§ **Input for this task**:
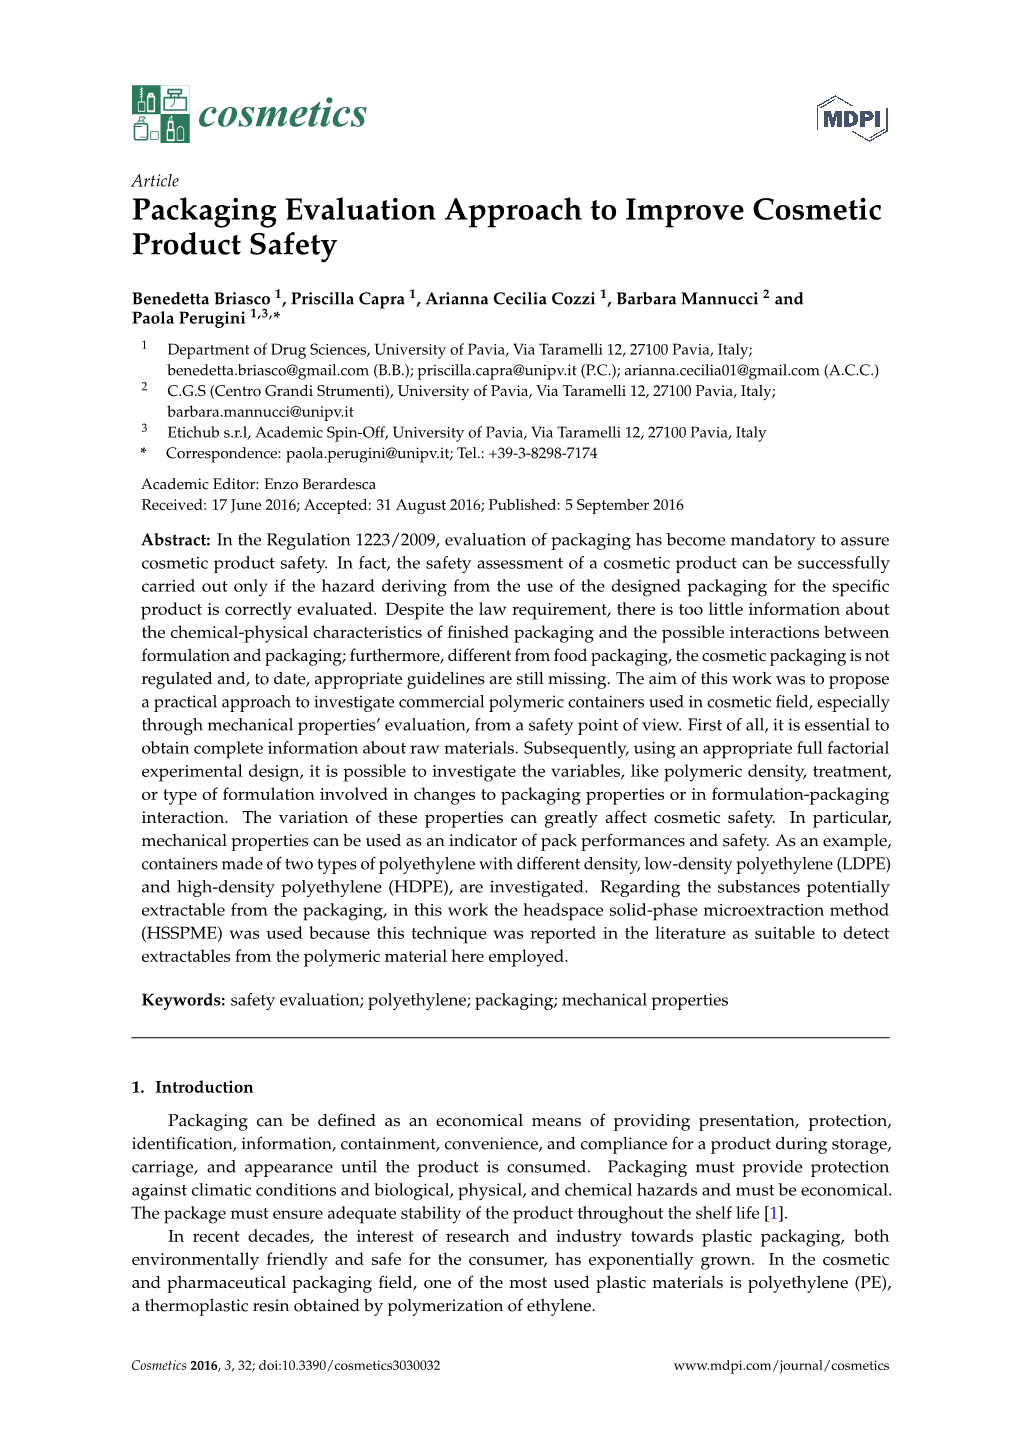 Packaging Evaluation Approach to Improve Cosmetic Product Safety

...

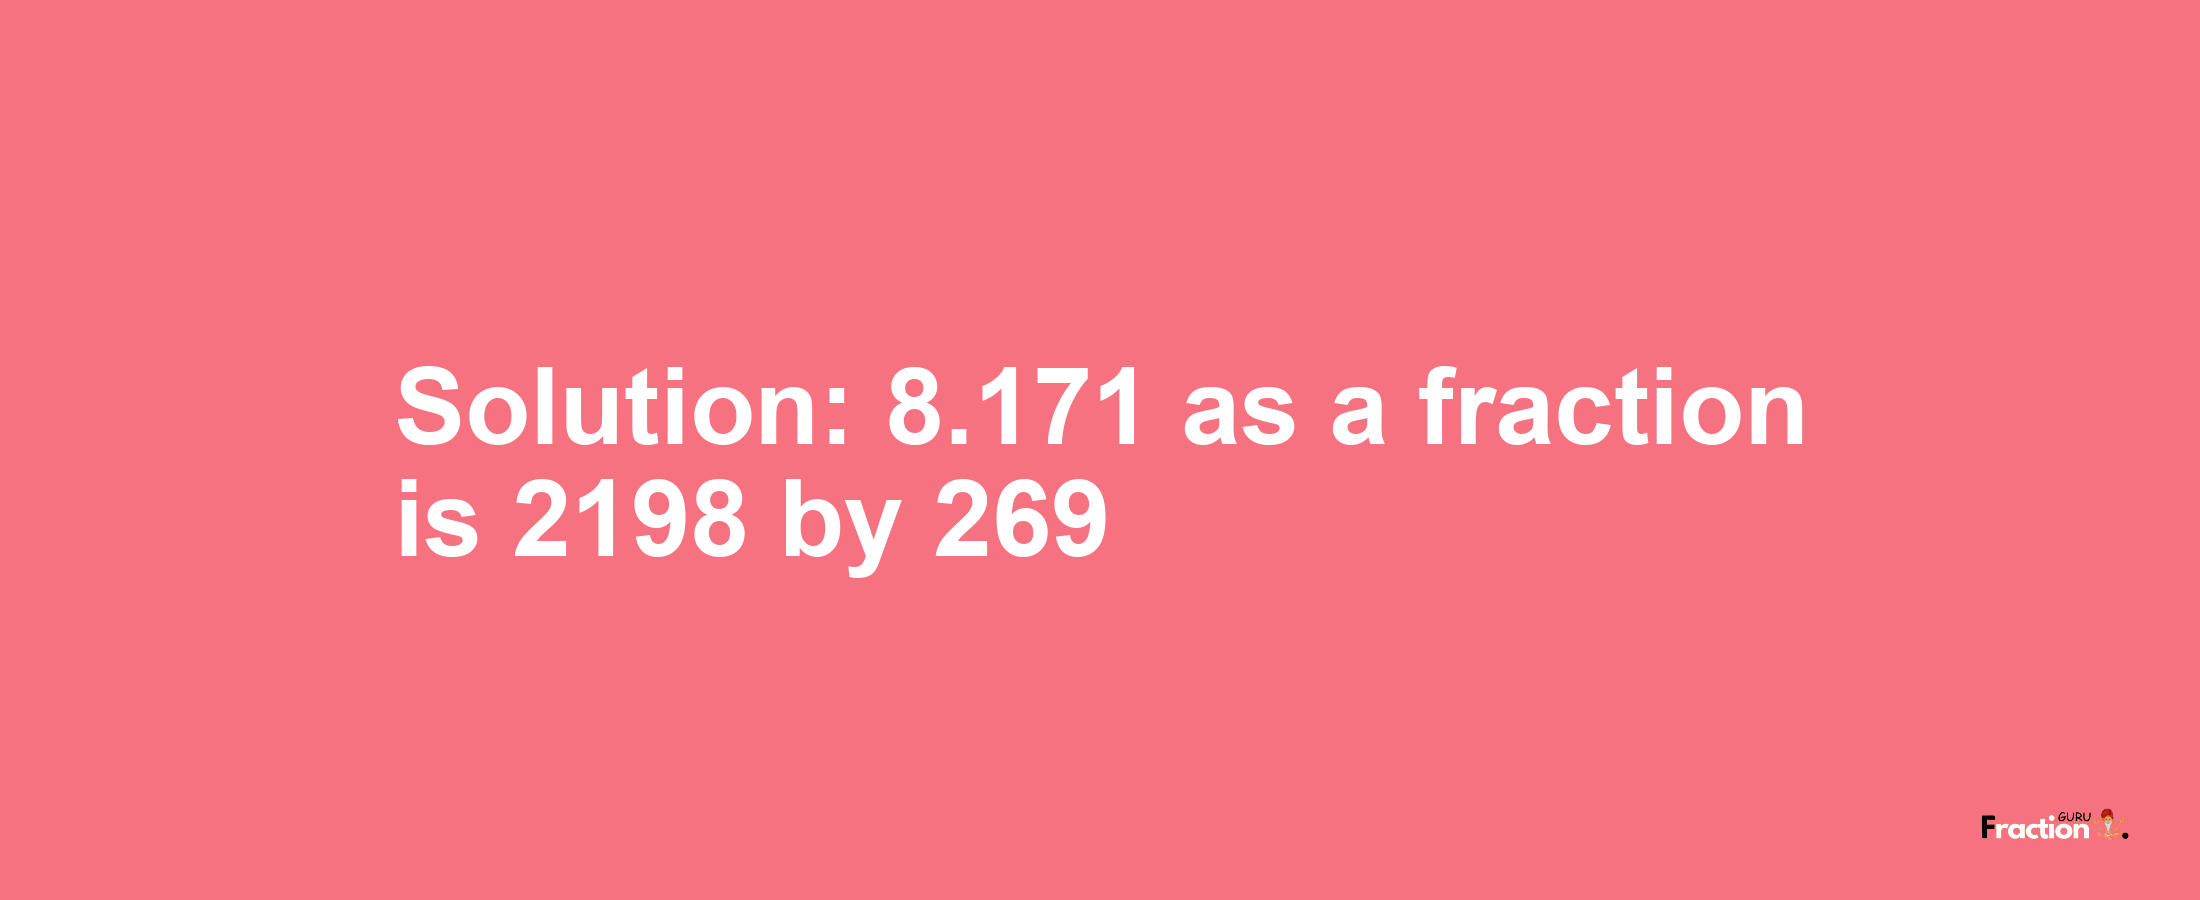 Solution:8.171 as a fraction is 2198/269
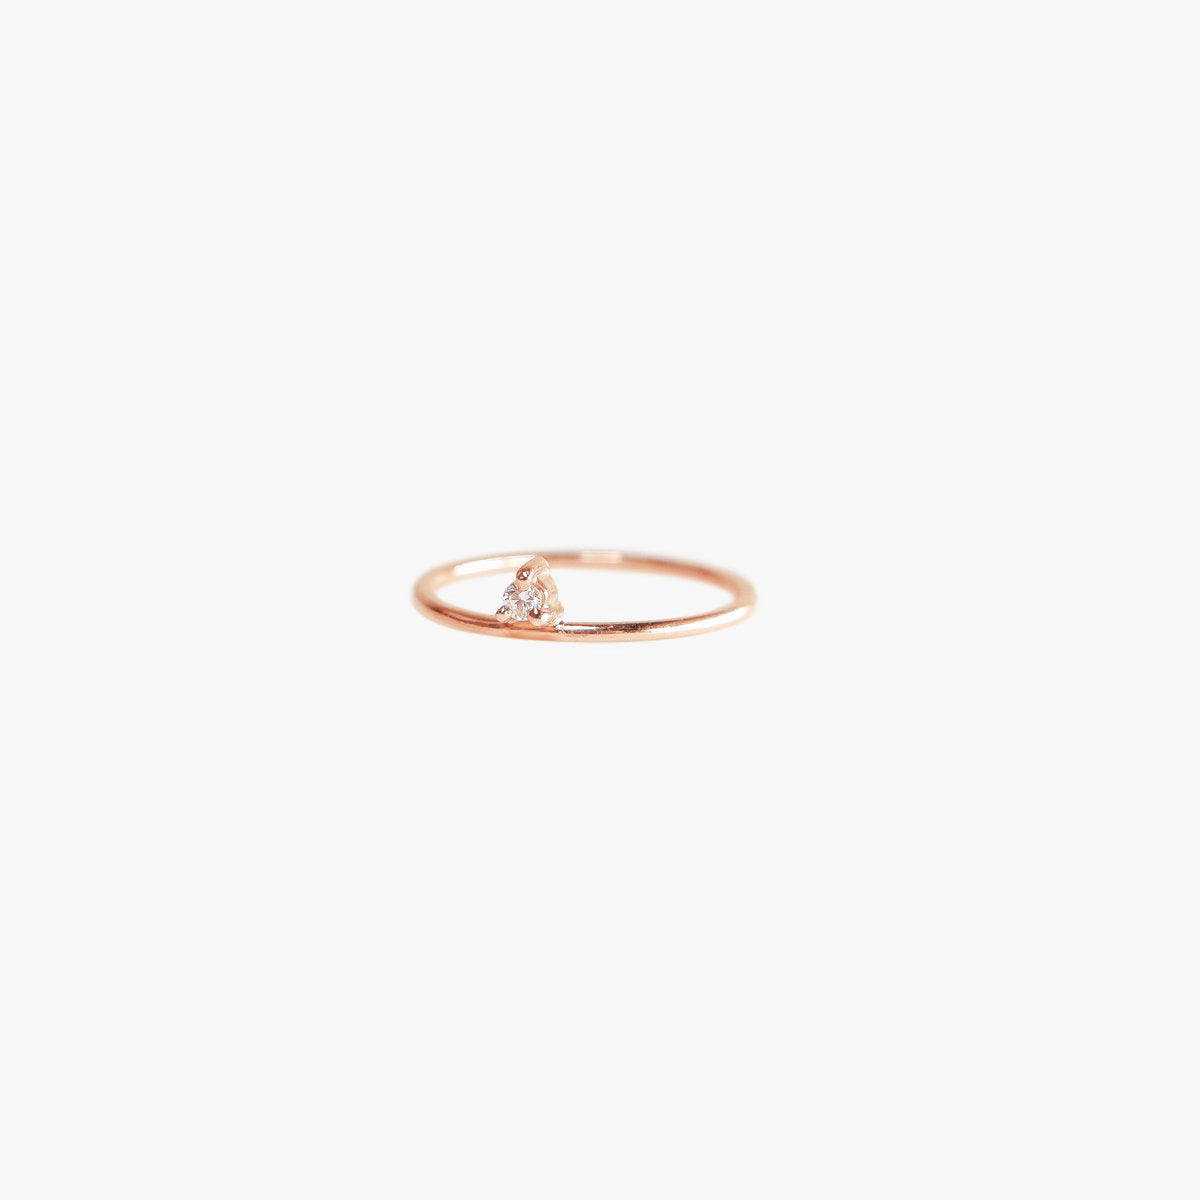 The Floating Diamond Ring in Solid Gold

§ **Requirement**: Although the records hold pictures, the copy must not; give again exactly the lines from the one with "Solution:8.171 as a fraction is 2198/269" through the one with "The Floating Diamond Ring in Solid Gold".

§ **Exercise result**:
 Solution:8.171 as a fraction is 2198/269
 The Floating Diamond Ring in Solid Gold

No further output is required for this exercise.